My Lords, the arrangements for patient and public involvement concern one matter and one matter alone: accountability. There are two strands to the way in which accountability works, depending on whereabouts in the hierarchy of responsibility action is initiated. Action is initiated either at the top, in which case there has to be consultation at national and at strategic level with local communities, or it is initiated at local level. At local level there are often powers to trigger action at a national level. In those cases there needs to be a right of referral upwards from local communities to national and strategic level.
This amendment, which has been debated on earlier occasions, seeks to preserve those lines of accountability to ensure that national accountability for what happens locally is not compromised. The advent of strategic health authorities, as branch offices of the NHS, means that they must be built into the mechanisms as well. On many occasions the Government have said that overview and scrutiny committees will have rights of referral as robust as those held by CHCs. With great respect to the Minister, at the moment that is not the situation. As I have indicated on previous occasions, the right of referral between local communities and the national government is absent from the Bill and from the Health and Social Care Act. That omission needs to be rectified.

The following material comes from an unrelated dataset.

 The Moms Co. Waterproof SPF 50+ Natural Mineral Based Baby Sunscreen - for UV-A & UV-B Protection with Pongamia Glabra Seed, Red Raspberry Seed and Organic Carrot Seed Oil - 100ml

I am delighted that the Minister has tabled Amendment No. 22. That amendment will give overview and scrutiny committees an explicit power to make reports and recommendations to the Secretary of State. However, I do not believe that that amendment is an adequate substitute for the one that we are now debating. I am seeking a robust replacement for the referral powers of CHCs, which is a much wider and a more significant matter. The government amendment gives only a permissive power to overview and scrutiny committees to make referrals. The wording of the relevant part of my amendment stipulates that referring such matters should be mandatory. That wording replicates the wording of the regulations that cover CHC referrals. It is a significant point and there is a significant difference.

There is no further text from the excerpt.